#### EXERCISE PROMPT
This task asks for the lines from the one with "17 AK WILLRICH, meist" to the final line below, repeated exactly, with pictures omitted.

#### EXTRACTED DATA
---
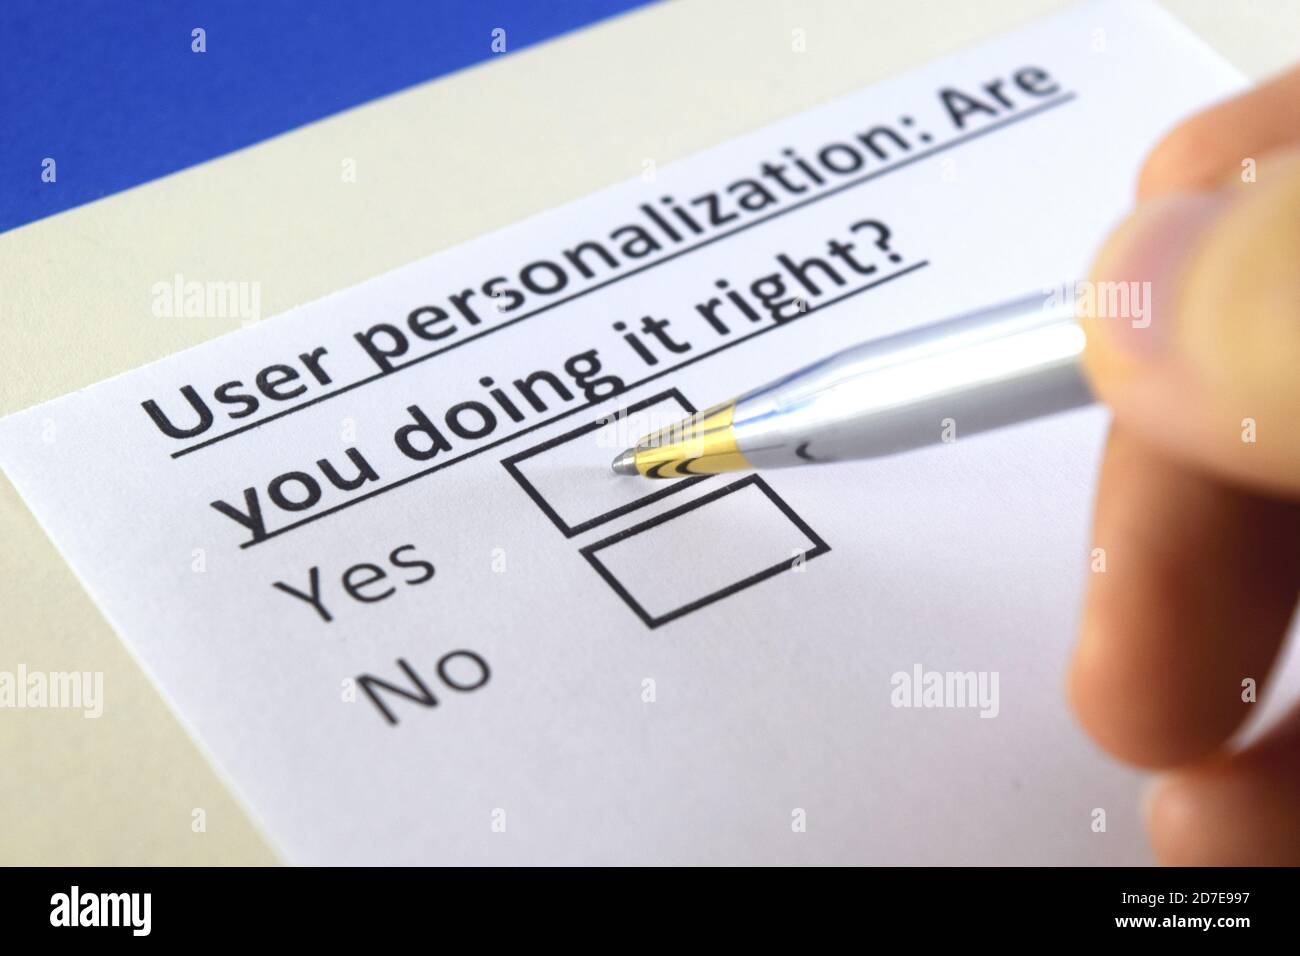 Eine Person beantwortet Fragen zur Personalisierung von Benutzern. Stockfoto
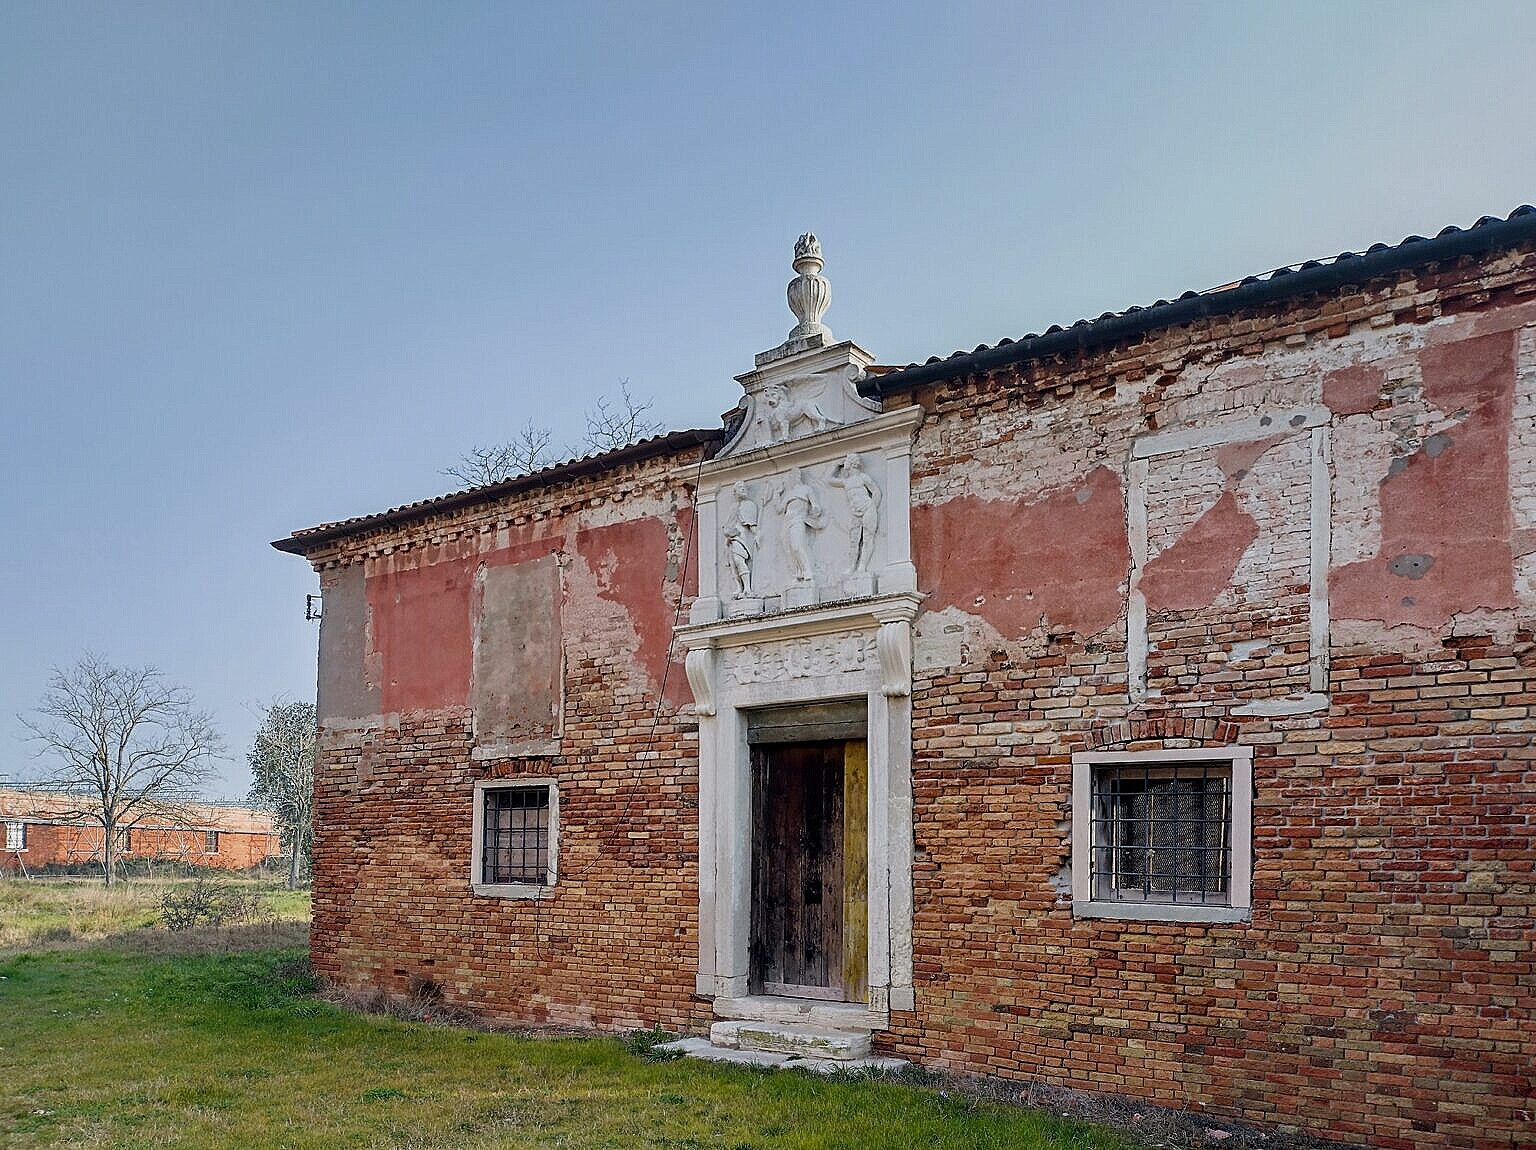 The façade of the Tezon Vecchio at the Lazzaretto Vecchio
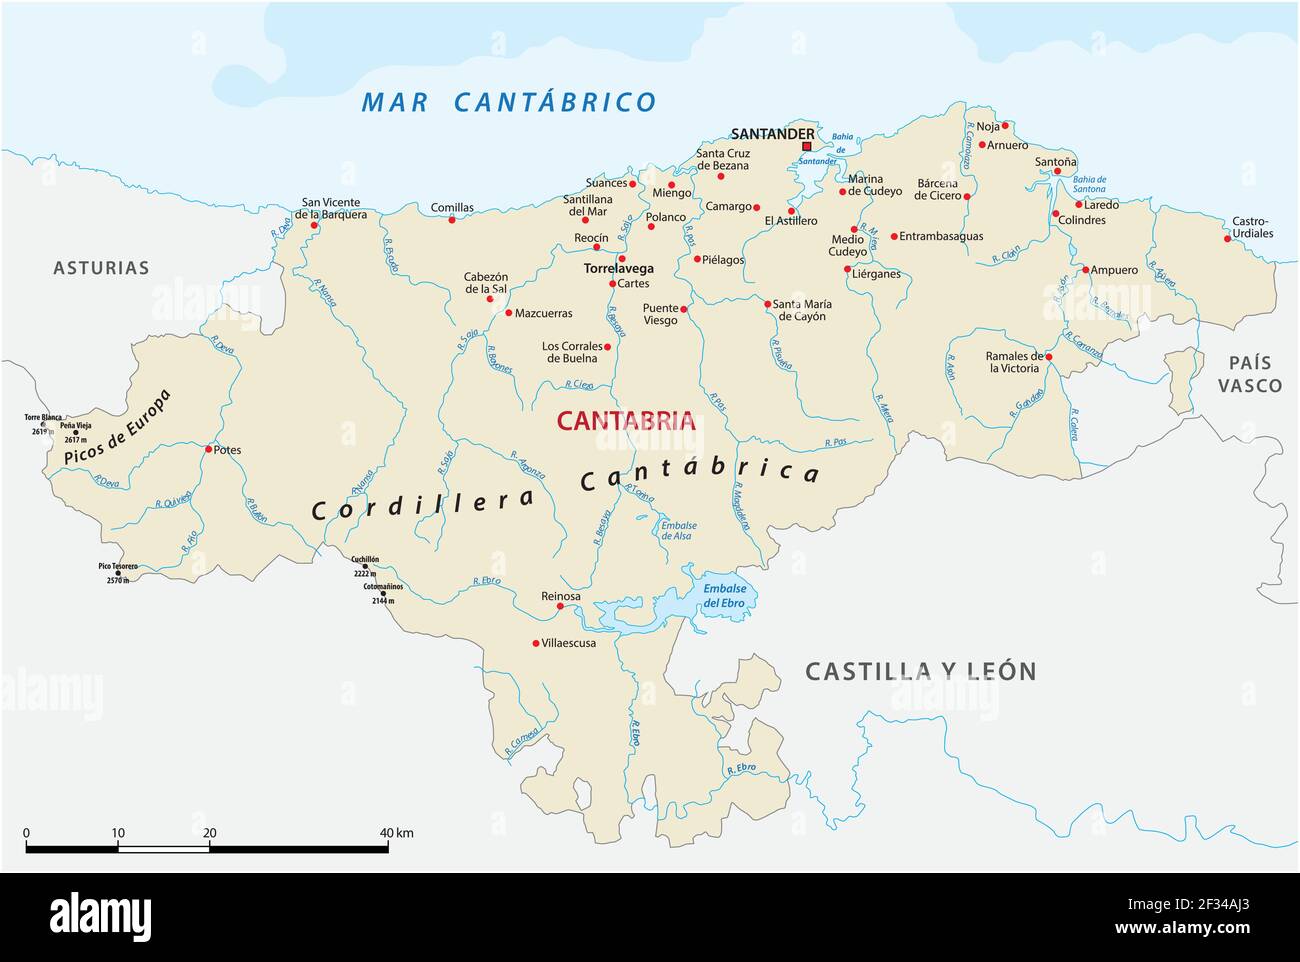 Mappa vettoriale delle comunità autonome spagnole della Cantabria Illustrazione Vettoriale
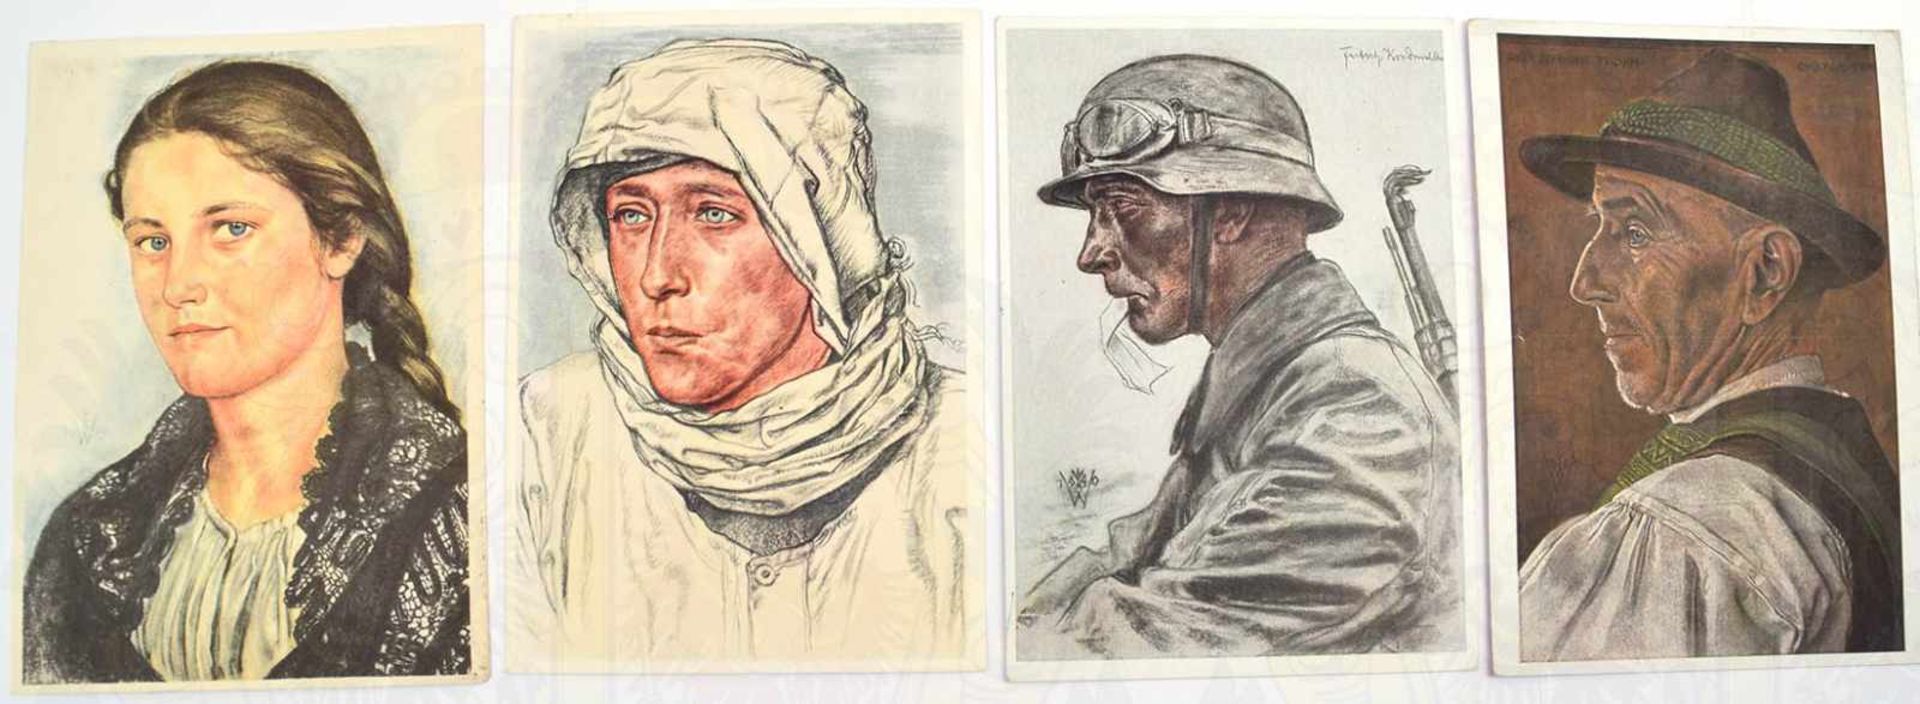 17 AK WILLRICH, meist farbig, VDA-Verlag, Gen.Major Rommel, Kpt.Ltn. Prien, Oberst Bräuer, Major - Bild 2 aus 2
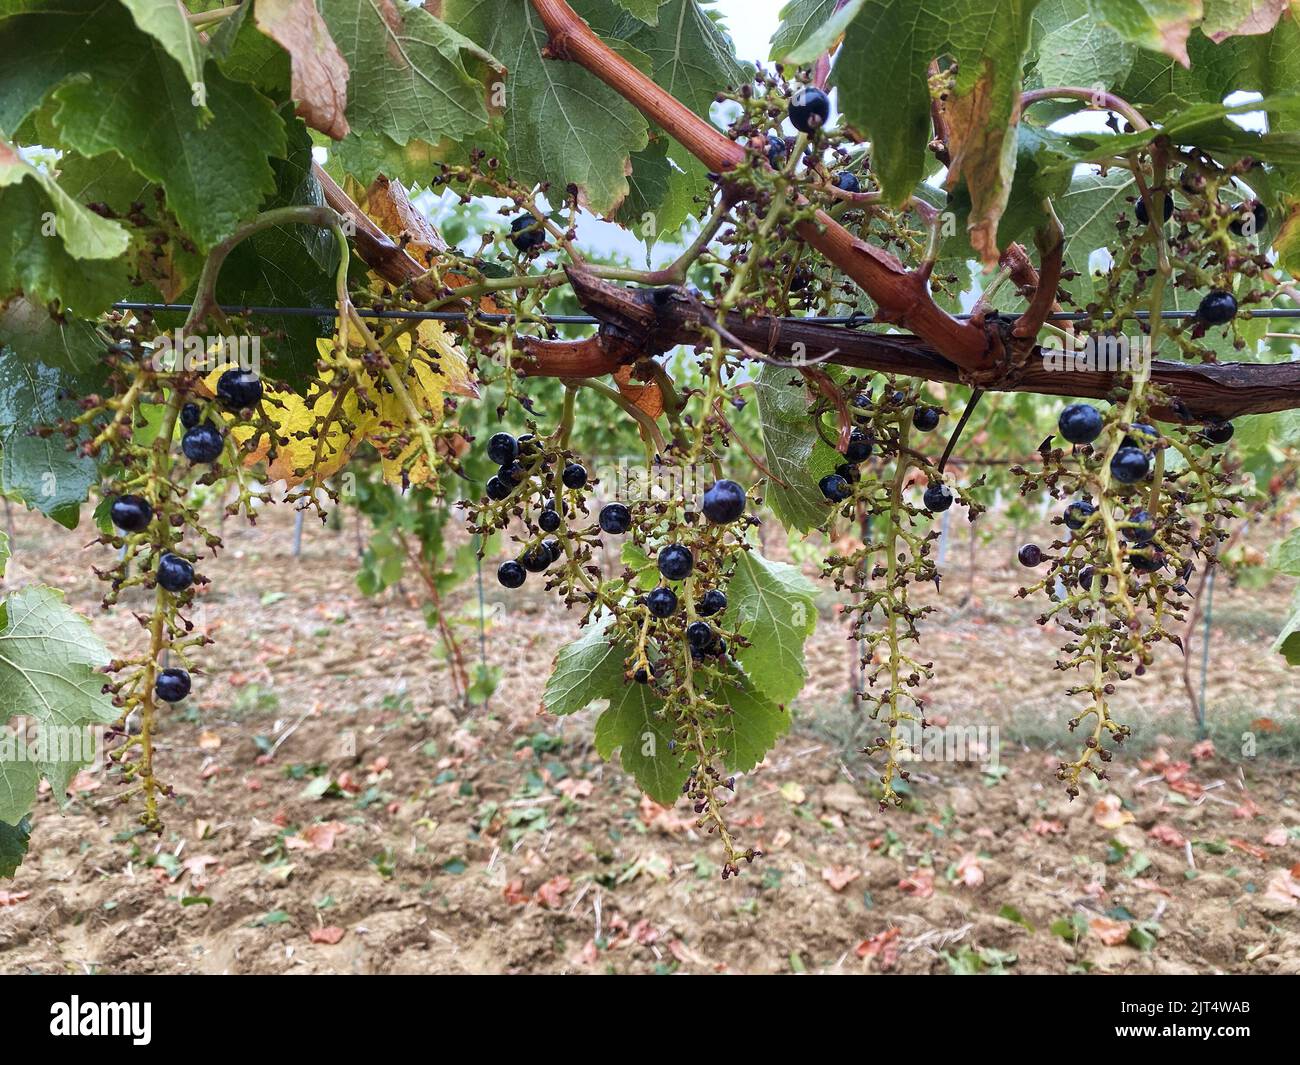 vendanges grapes merlot mechanized harvesting Stock Photo
---
#### WRITTEN REPLY
 17 AK WILLRICH, meist farbig, VDA-Verlag, Gen.Major Rommel, Kpt.Ltn. Prien, Oberst Bräuer, Major - Bild 2 aus 2
 vendanges grapes merlot mechanized harvesting Stock Photo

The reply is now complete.